REQUIRED ACTION: Exact copies of the lines below, from the one with "Lori Loughlin's Attorneys" up to and including the one with "Dusty Rhodes puts", are what this calls for; leave out pictures.

MATERIAL FOR THIS TASK:
════════════════

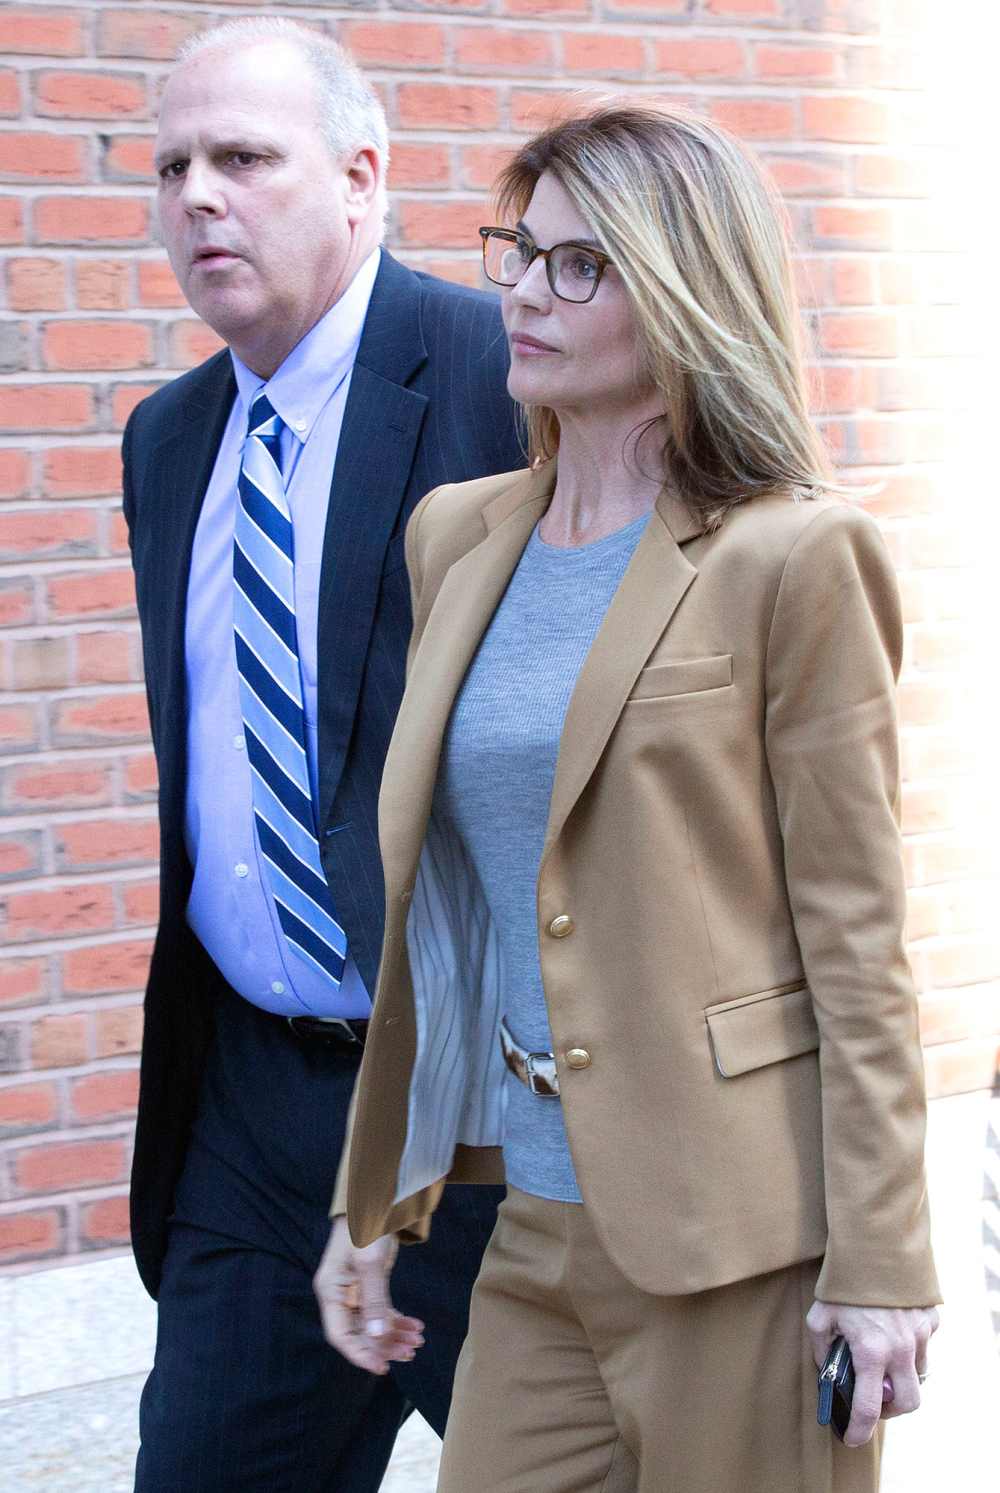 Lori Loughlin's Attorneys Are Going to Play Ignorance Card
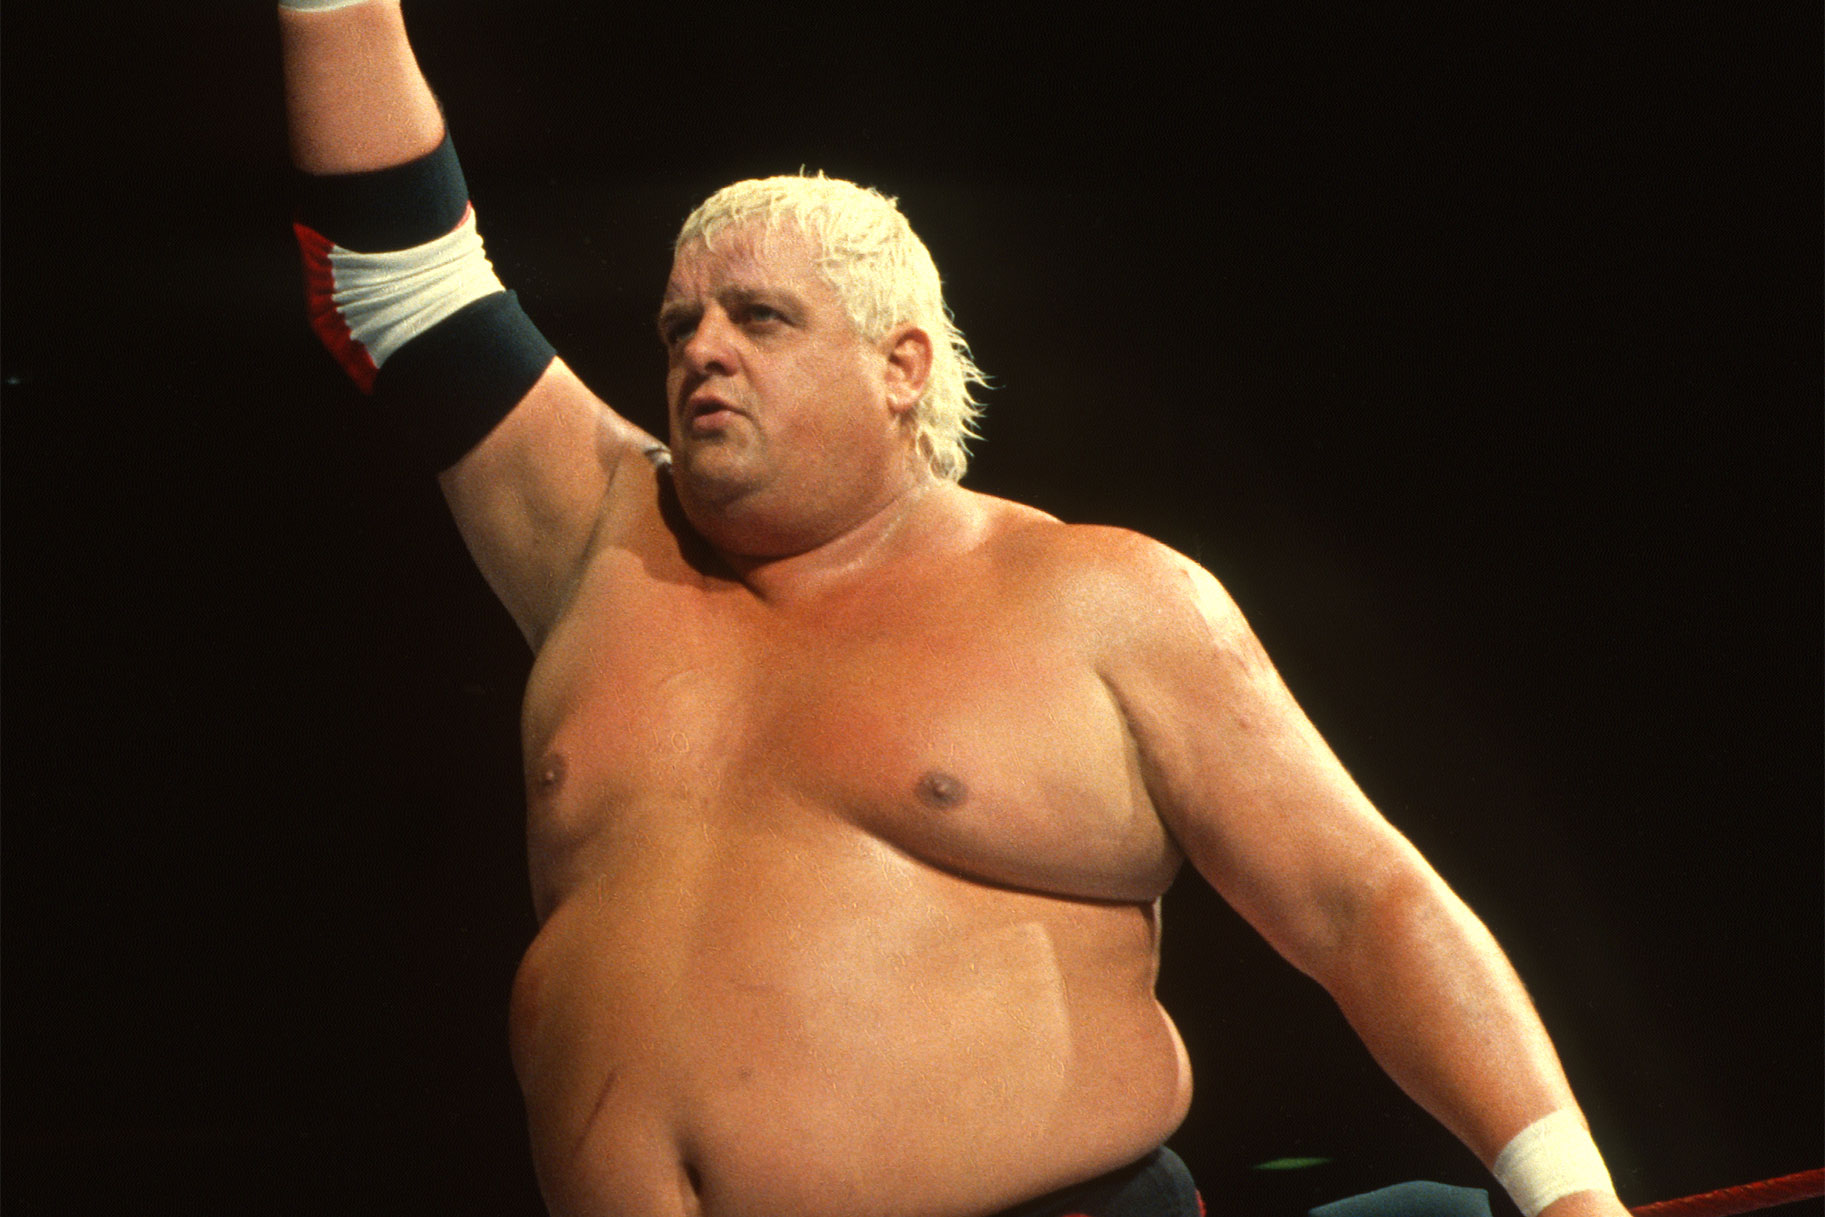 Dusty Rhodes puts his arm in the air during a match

════════════════

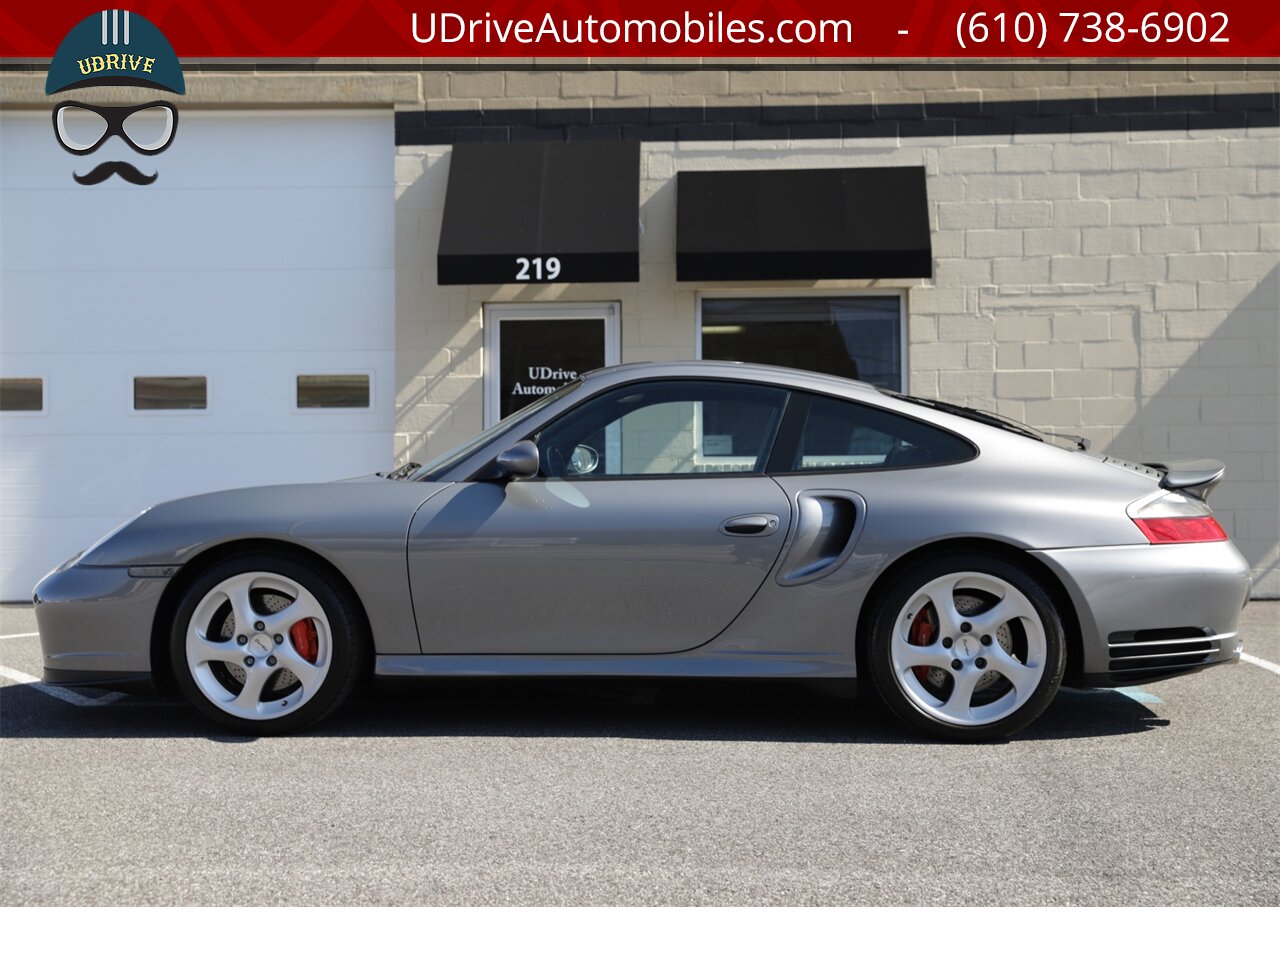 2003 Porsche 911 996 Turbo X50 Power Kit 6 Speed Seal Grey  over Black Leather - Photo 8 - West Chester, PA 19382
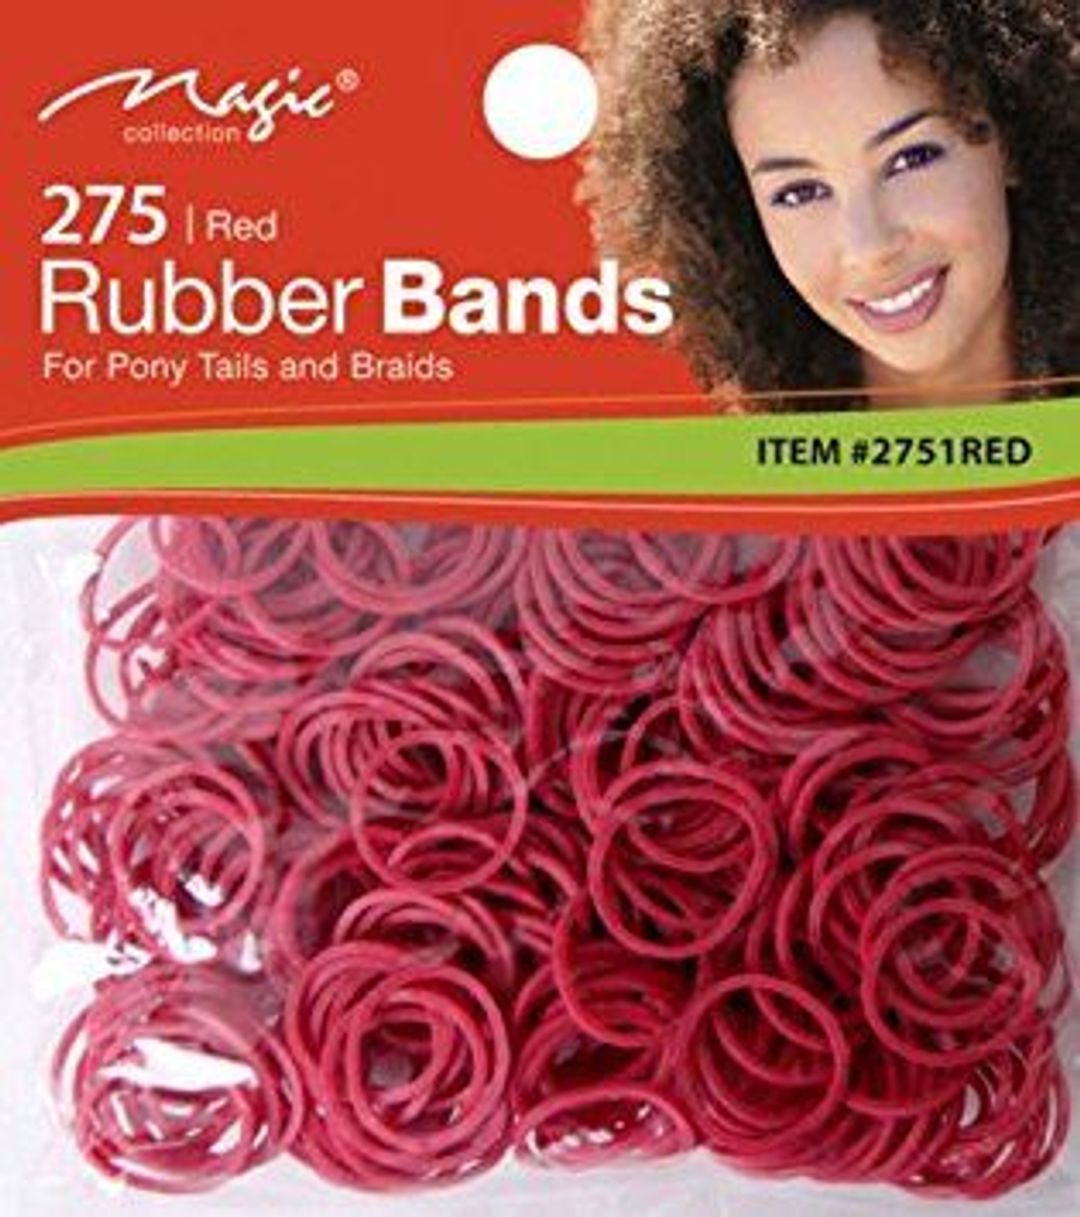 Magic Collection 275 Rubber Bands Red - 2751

════════════════

RESPONSE AREA:
 Lori Loughlin's Attorneys Are Going to Play Ignorance Card
 Dusty Rhodes puts his arm in the air during a match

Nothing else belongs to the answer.